═══ Information provided

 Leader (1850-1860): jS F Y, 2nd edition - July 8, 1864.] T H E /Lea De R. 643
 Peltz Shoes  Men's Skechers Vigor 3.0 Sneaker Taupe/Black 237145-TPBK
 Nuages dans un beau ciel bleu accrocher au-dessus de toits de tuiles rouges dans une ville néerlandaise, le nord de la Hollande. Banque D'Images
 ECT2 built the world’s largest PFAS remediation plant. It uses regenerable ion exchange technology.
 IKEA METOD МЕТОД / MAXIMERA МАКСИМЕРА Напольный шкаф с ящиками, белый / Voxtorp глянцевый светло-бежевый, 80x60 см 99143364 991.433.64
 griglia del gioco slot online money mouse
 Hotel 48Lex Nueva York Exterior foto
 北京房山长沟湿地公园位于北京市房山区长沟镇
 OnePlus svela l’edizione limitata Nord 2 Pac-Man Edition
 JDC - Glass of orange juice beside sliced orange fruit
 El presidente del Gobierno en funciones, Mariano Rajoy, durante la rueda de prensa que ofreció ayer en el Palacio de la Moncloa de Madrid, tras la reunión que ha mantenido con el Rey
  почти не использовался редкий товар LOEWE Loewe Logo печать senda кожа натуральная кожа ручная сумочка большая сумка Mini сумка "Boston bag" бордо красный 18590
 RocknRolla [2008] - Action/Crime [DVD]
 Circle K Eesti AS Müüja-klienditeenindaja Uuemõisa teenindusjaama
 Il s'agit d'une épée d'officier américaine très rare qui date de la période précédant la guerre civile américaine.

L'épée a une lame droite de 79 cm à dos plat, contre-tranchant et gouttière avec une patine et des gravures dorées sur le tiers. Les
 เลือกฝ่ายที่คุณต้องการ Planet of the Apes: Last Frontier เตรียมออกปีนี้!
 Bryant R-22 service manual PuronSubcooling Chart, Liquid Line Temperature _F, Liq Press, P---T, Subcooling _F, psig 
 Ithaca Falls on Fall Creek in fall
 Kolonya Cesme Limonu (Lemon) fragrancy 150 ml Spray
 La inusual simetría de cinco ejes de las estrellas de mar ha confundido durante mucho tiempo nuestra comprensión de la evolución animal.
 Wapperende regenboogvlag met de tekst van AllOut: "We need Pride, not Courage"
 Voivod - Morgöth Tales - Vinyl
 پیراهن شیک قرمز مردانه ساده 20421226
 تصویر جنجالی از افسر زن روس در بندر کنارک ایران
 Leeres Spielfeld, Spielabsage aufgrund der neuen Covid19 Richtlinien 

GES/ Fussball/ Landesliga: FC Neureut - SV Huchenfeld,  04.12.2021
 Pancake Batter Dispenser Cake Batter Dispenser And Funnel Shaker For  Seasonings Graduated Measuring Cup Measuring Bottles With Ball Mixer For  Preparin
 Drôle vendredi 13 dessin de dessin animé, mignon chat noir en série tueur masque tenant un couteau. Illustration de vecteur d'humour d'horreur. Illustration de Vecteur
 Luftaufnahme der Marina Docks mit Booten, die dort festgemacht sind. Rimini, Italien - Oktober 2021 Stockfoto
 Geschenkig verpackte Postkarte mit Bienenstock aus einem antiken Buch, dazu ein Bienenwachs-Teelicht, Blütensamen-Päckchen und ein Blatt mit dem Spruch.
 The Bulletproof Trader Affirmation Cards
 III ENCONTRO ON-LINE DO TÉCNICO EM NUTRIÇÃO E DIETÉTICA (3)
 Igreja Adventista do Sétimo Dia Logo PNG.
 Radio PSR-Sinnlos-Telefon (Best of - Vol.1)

══════

▶ _Instructions to follow_: In how many lines of the data does the string "durante" occur? Answer with the number and nothing else.

▶ _Your solution_: 2